United States Bankruptcy Court, S.D. Florida
Dec 23, 1991
136 B.R. 570 (Bankr. S.D. Fla. 1991)

Opinion

Bankruptcy No. B91-31587-BKC-RAM. Adv. No. B91-0843-BKC-RAM-A.

December 23, 1991.

Bertram A. Sapurstein, Miami, Fla., for plaintiff.

James Conway, Stuart, Fla., for defendant.


MEMORANDUM OF OPINION AND ORDER

Judge Randolph Baxter, U.S. Bankruptcy Judge, N.D., Ohio, sitting by designation.


In this adversary proceeding the complainant, Sun Bank/Treasure Coast, N.A. (Sun Bank) seeks to have the Court determine the dischargeability of a debt owed by Charles Alvin Moore and Julia Mae Moore (Debtors). Following a trial on the matter, the foregoing constitutes the Court's findings and conclusions wherein the debt owed to Sun Bank is determined to be nondischargeable.
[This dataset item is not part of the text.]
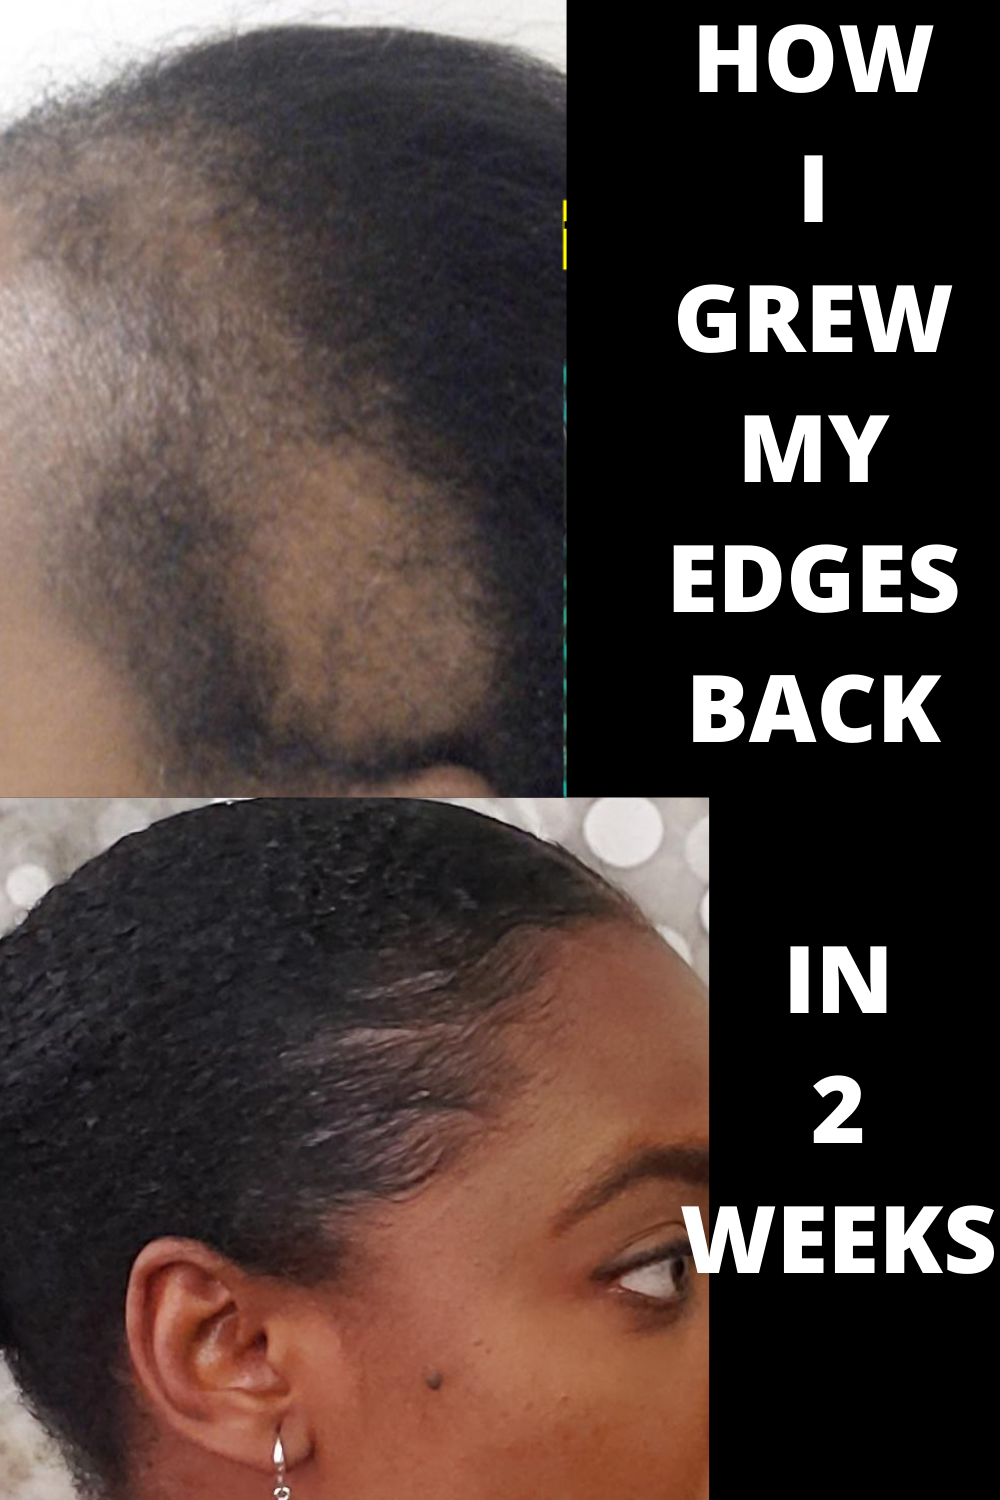 HOW TO GROW YOUR EDGES BACK IN 2 WEEKS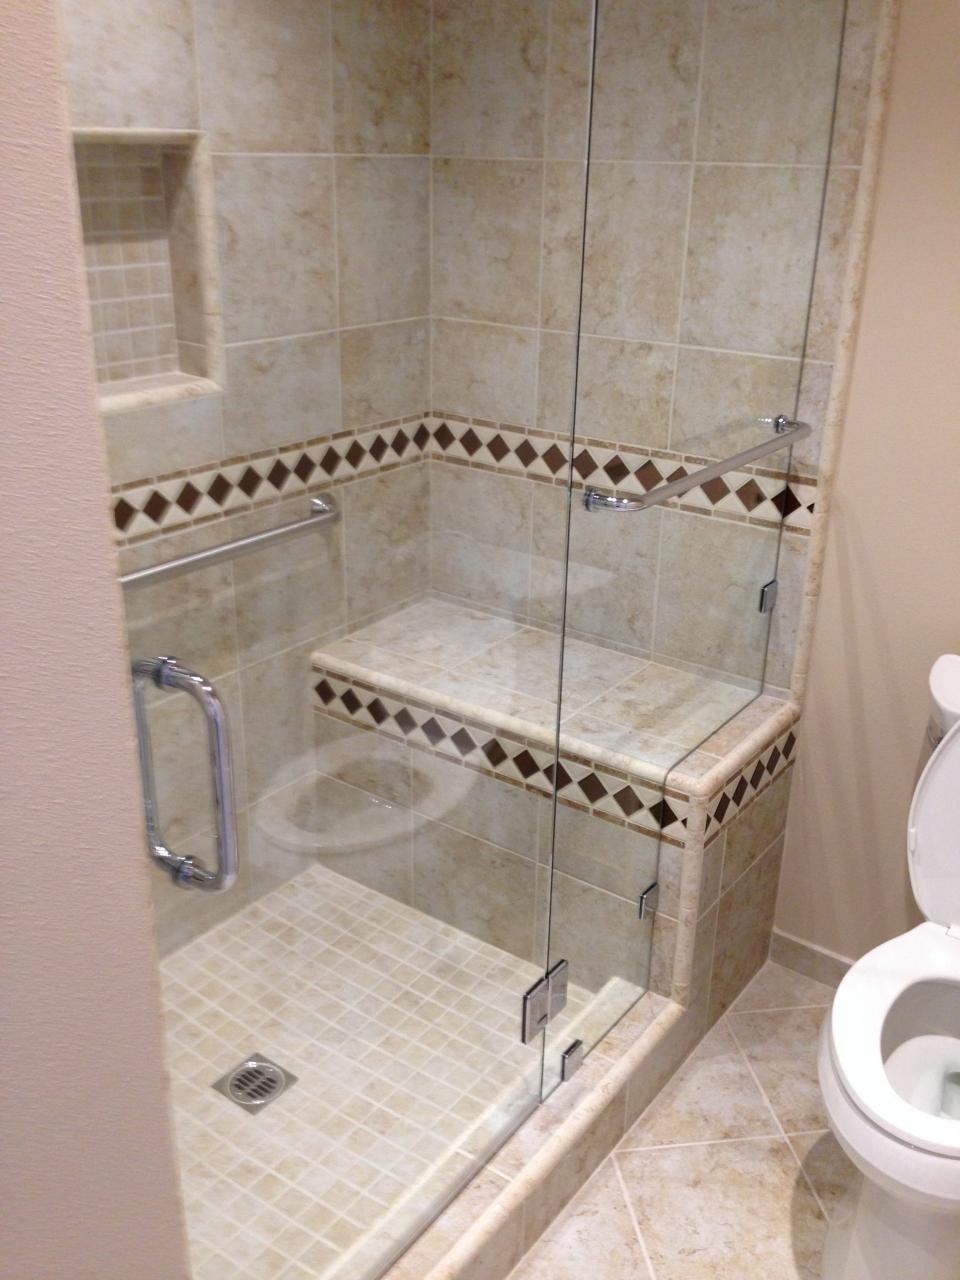 How Do You Remodel a Shower? Shower Remodel Contractors Near Me

The pertinent facts are not in dispute. Sun Bank and the Debtors have stipulated that the Debtors guaranteed a series of promissory notes which were made and executed by Charles Moore and Associates, Inc. (CMA). CMA was wholly owned, operated and controlled by the defendant Debtors. The total outstanding indebtedness due under the notes and guarantees is $249,531.75. The notes and guarantees were collateralized by a third mortgage on the Debtors' real property and by a perfected security interest in all of the assets of the corporate borrower. The Debtors delivered personal and business financial statements to Sun Bank in connection with the execution of the note and guarantees. The personal financial statements in question are dated October, 1986, June, 1988, and August, 1990. The Corporate financial statements are dated March, 1986 and March, 1990. Upon default under the terms of the notes and guarantees, Sun Bank filed a multi-count lawsuit against CMA and the Debtors in the state circuit court. Among the complaint counts was a replevin count for the personal property upon which Sun Bank had a perfected security interest. The sheriff went to CMA's business location and to the Debtors' personal residence but could find no collateral of Sun Bank at either location and returned the replevin writ unserved. (See, Bilateral Pretrial Stipulation).

In support of its complaint allegations, Sun Bank contends that the subject debt is nondischargeable as (1) the Debtors, by executing the guarantees and notes represented that the pertinent collateral would be turned over to Sun Bank in the event of a default. The default occurred and no turnover was made; (2) Debtors unlawfully converted the Bank's collateral to their own use and disposed of assets of CMA which were subject to the Bank's security interest; (3) Debtors willfully and maliciously disposed of the subject collateral with the specific intent of injuring and defrauding Sun Bank; (4) Debtors specifically intended to defraud Sun Bank by executing the loan documents and receiving loan proceeds as officers and management of CMA; (5) Debtors prepared and submitted personal and corporate financial statements which contained false representations of material facts concerning their own financial condition and that of CMA, which overstated their personal income and CMA's. Such representations further grossly overvalued their assets and the assets of CMA, while failing to list many liabilities; and (6) The Debtors' conduct was willful, fraudulent and caused the Bank to lose valuable assets.

Contrary to Sun Bank's assertions, the Debtors contend they perpetuated no fraud upon the Bank and that funds paid by them as officers of CMA were used to pay ordinary business expenses inclusive of payments to contractors, rent, salaries, etc. They further contend that they converted none of the Bank's collateral to their personal use. The Debtors further deny any overstating of their income or underestimating liabilities respecting documentation provided to the Bank. The Debtors assert that Sun Bank did not rely on their financial statements for an exact amount of outstanding liabilities. The corporate financial statements are correct as and when prepared and do not contain false information. As for reliance, they assert that Sun Bank relied on the strength of CMA's utility contracts to repay the subject loans and not upon their personal financial statements. Finally, the Debtors contend that, for over five years, they had a good payment record with the Bank.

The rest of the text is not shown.